- [EXERCISE INSTRUCTIONS]:
As you work through the listing below, copy each line exactly and drop the images.

(SOURCE MATERIAL Opens)

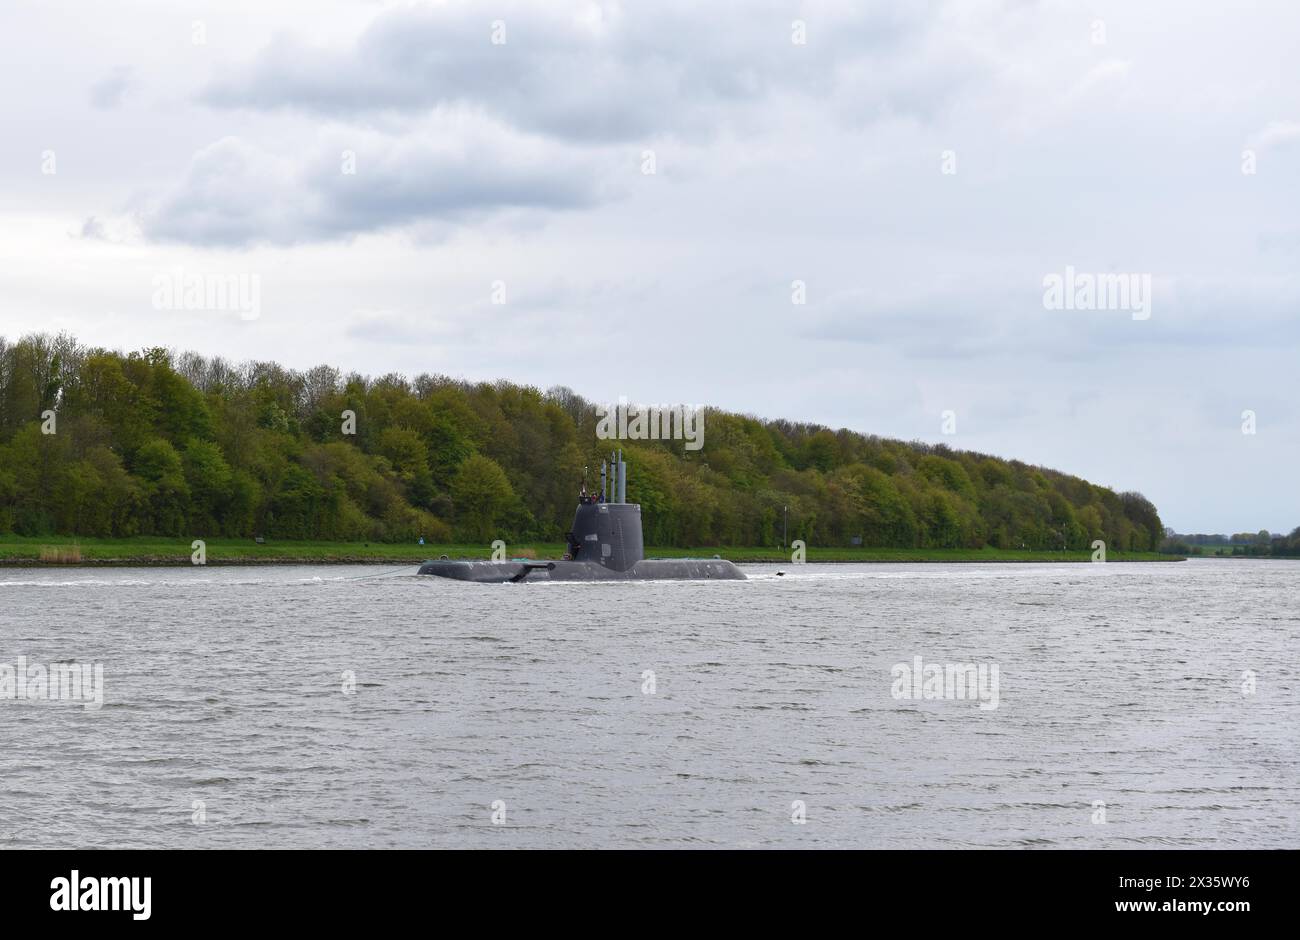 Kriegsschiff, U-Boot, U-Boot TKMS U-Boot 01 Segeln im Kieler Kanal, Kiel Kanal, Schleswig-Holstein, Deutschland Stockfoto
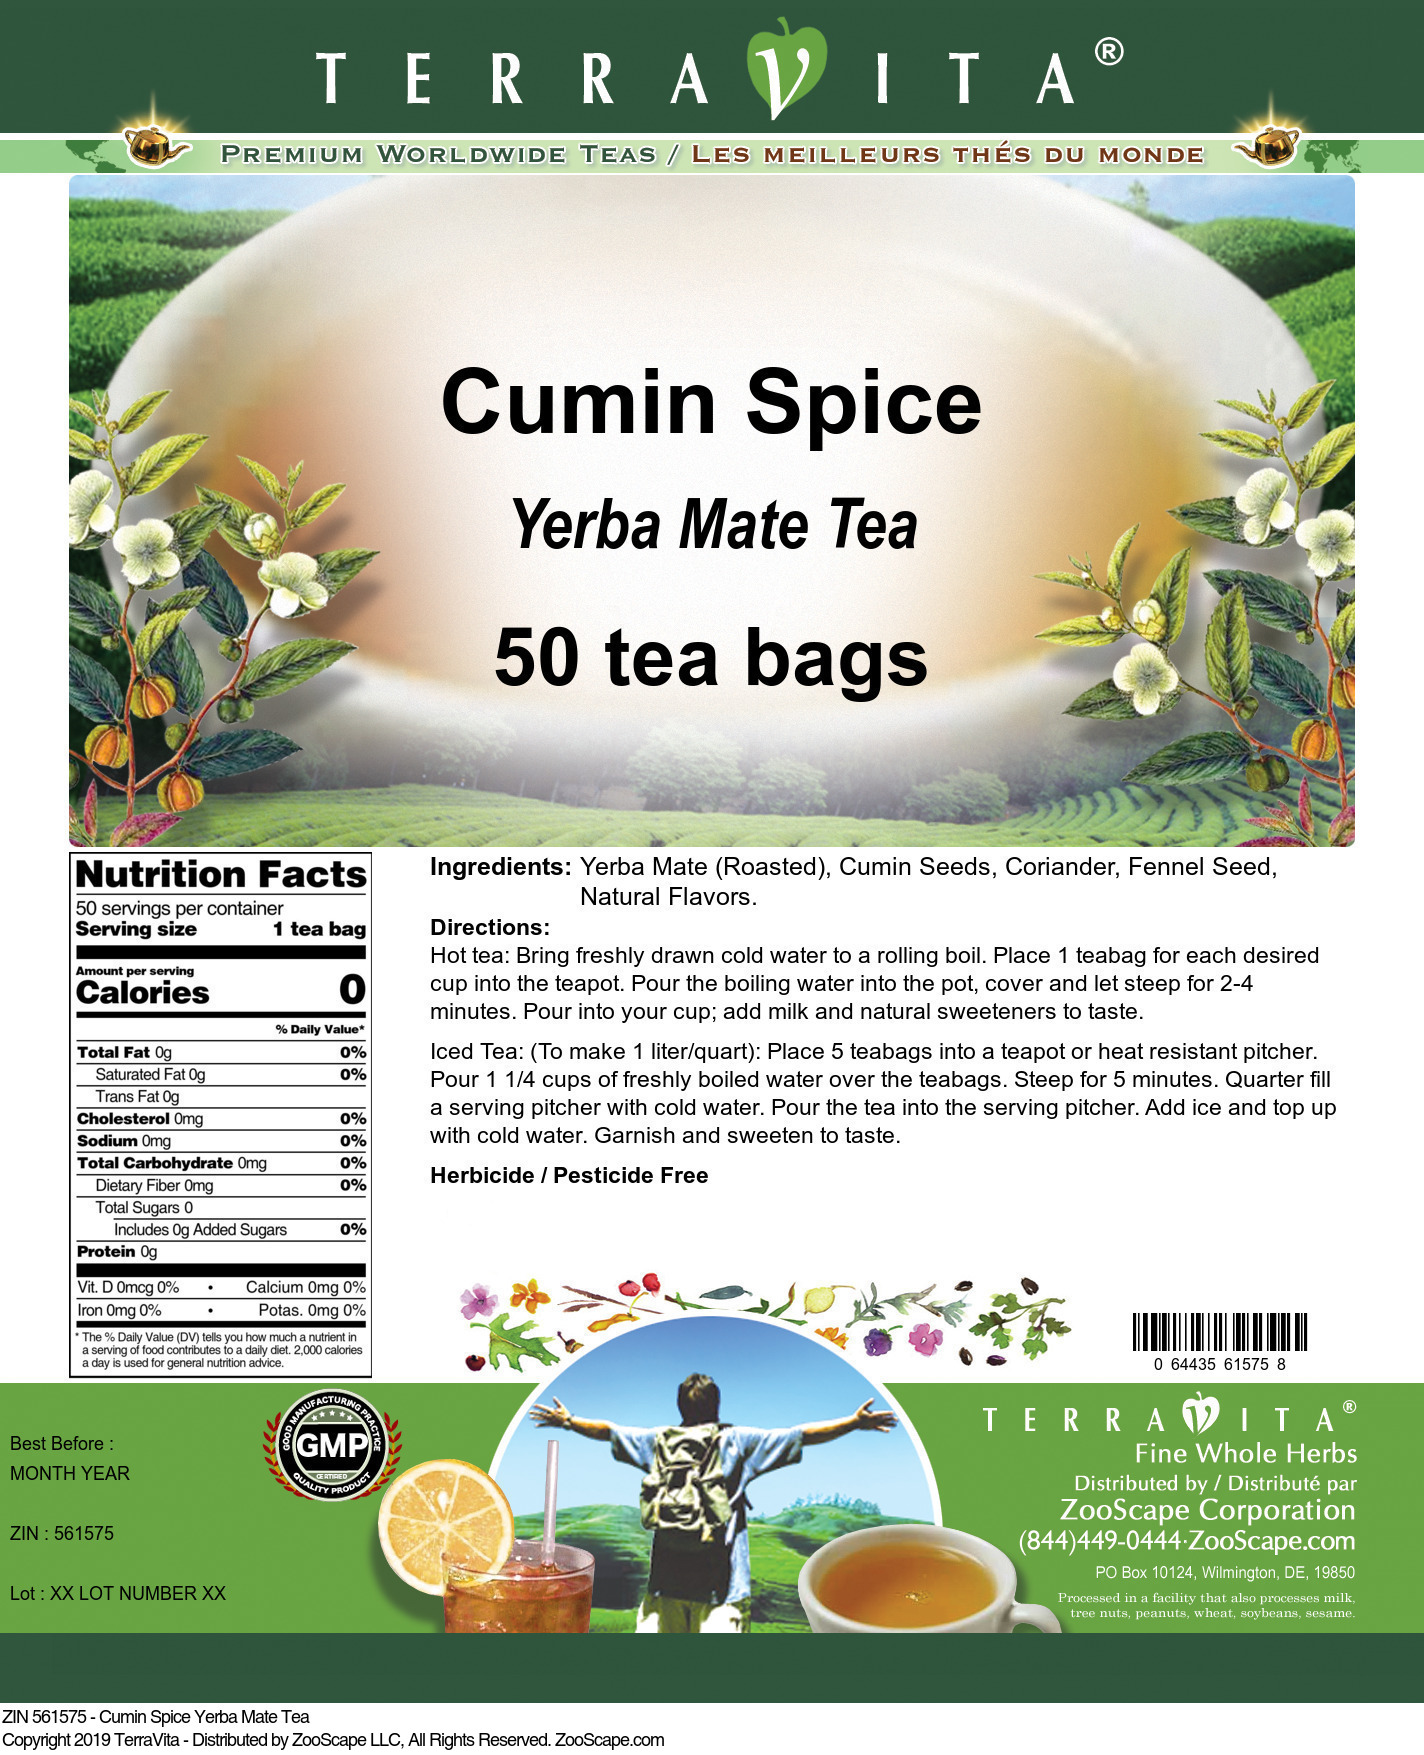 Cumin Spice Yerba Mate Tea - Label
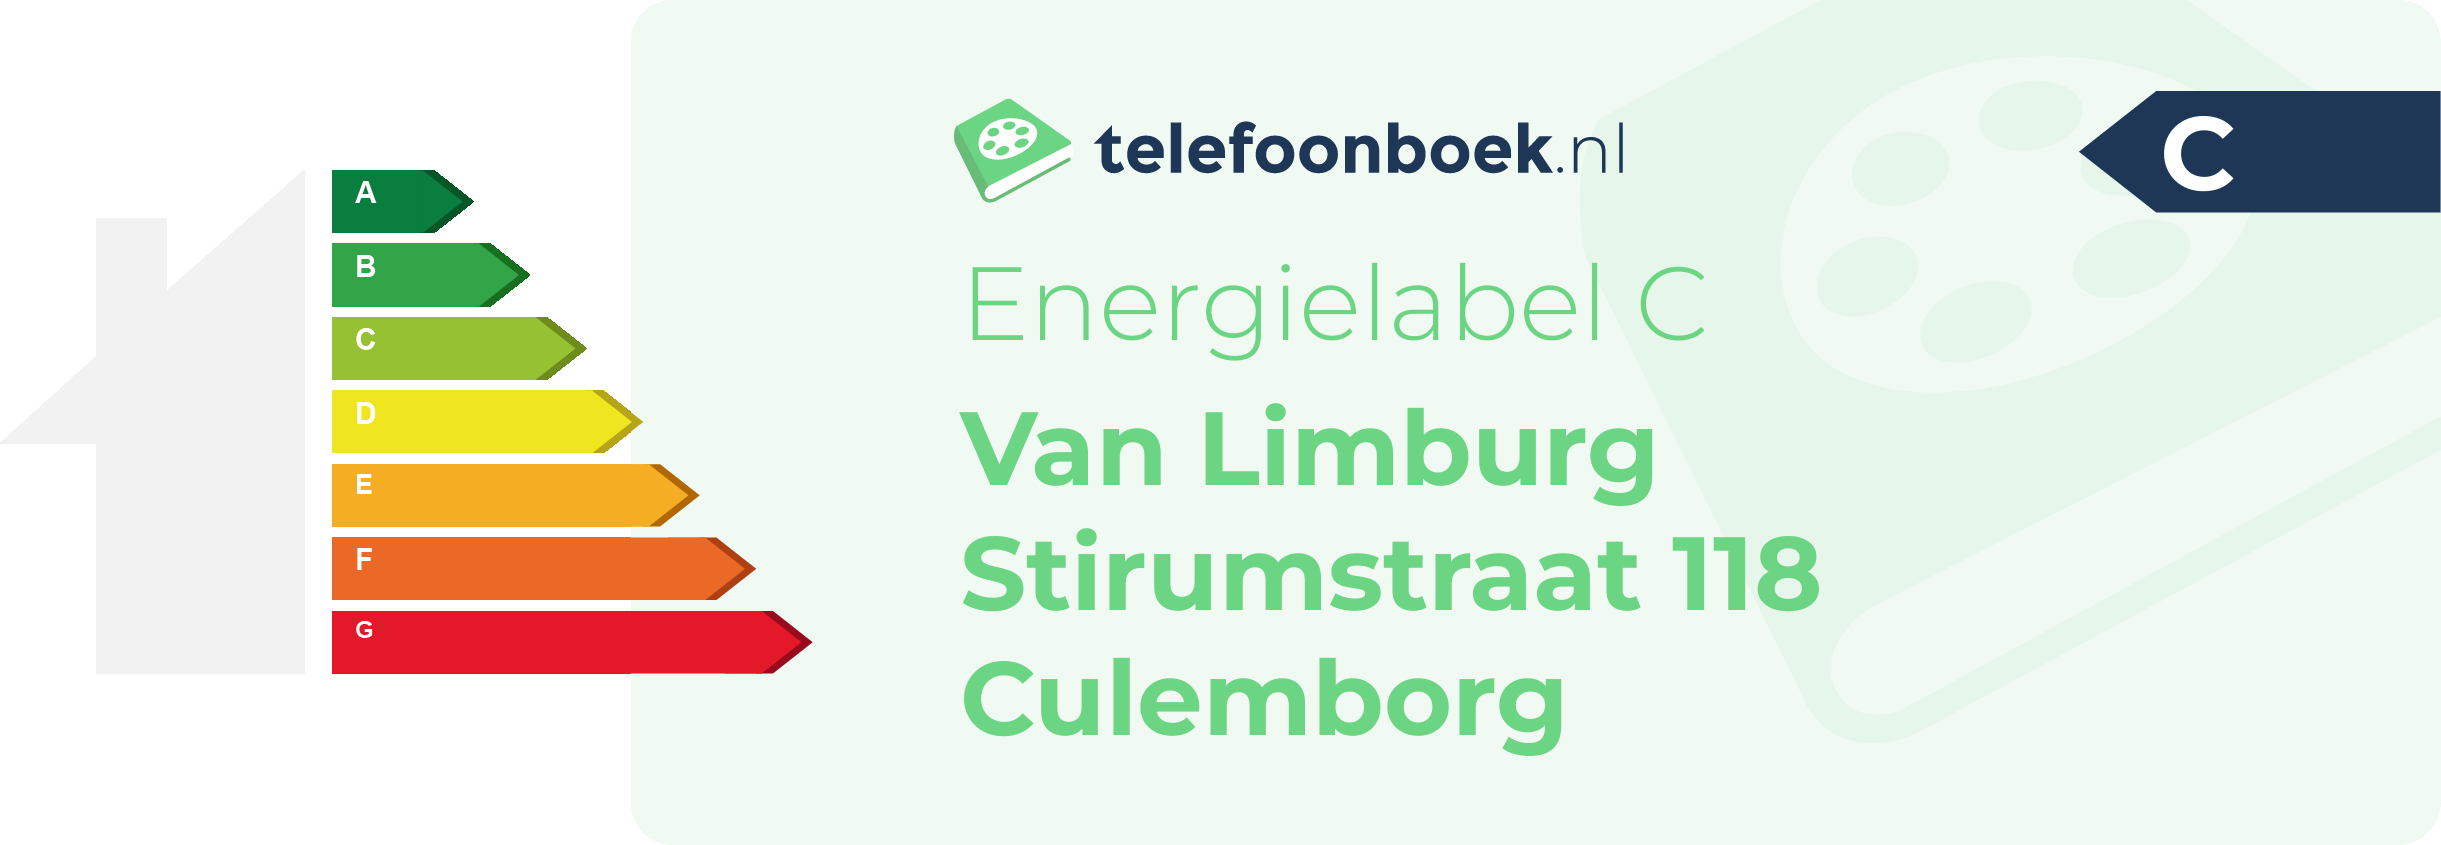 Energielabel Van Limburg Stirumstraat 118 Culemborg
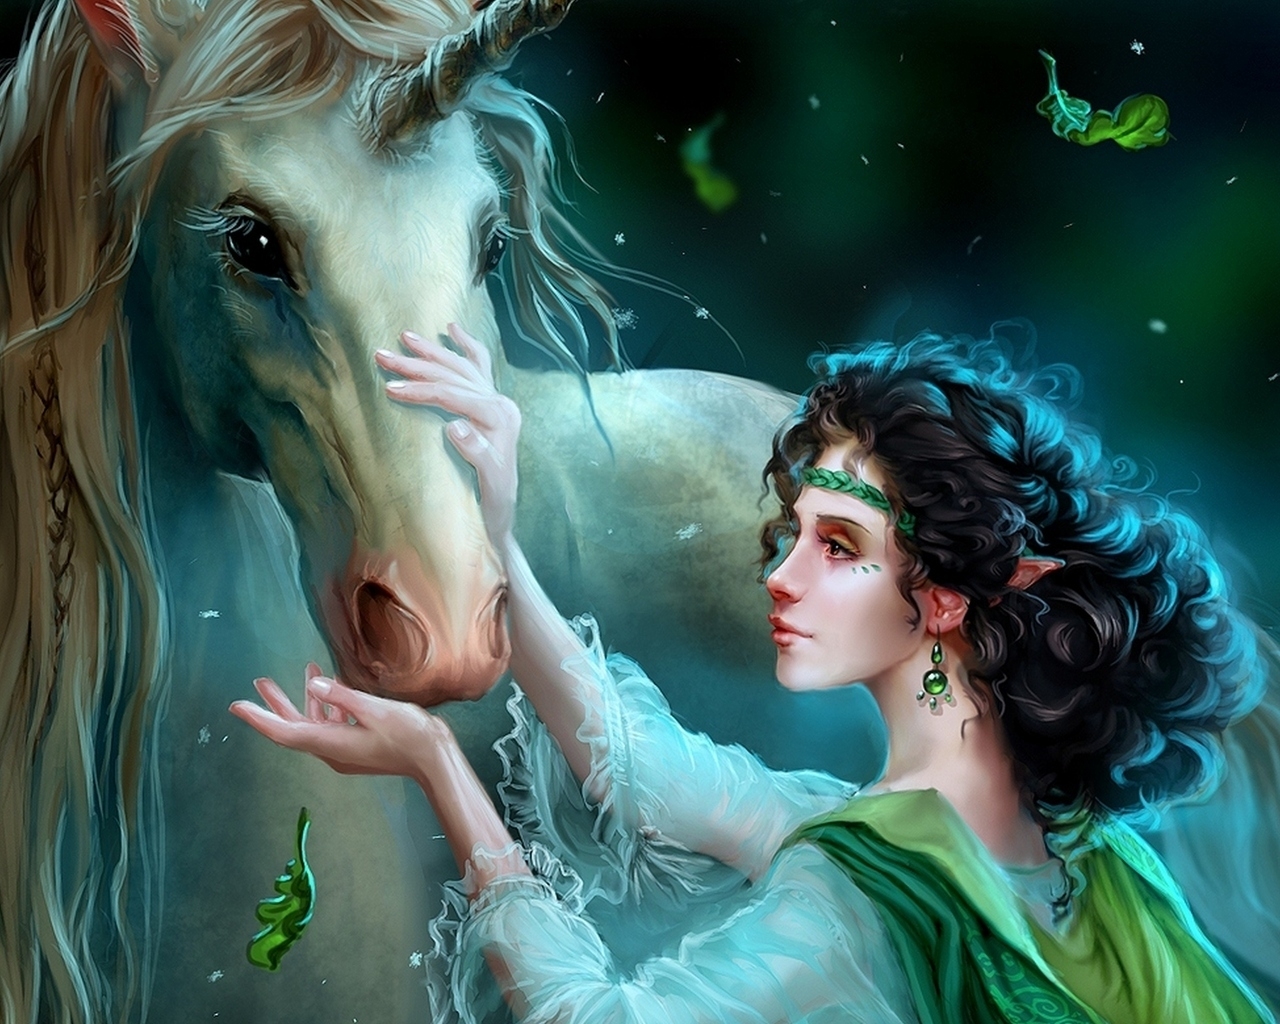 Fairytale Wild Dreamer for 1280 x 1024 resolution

(SOURCE MATERIAL Closes)

- [EXERCISE SOLUTION]:
 Kriegsschiff, U-Boot, U-Boot TKMS U-Boot 01 Segeln im Kieler Kanal, Kiel Kanal, Schleswig-Holstein, Deutschland Stockfoto
 Cumin Spice Yerba Mate Tea - Label
 Energielabel Van Limburg Stirumstraat 118 Culemborg
 Fairytale Wild Dreamer for 1280 x 1024 resolution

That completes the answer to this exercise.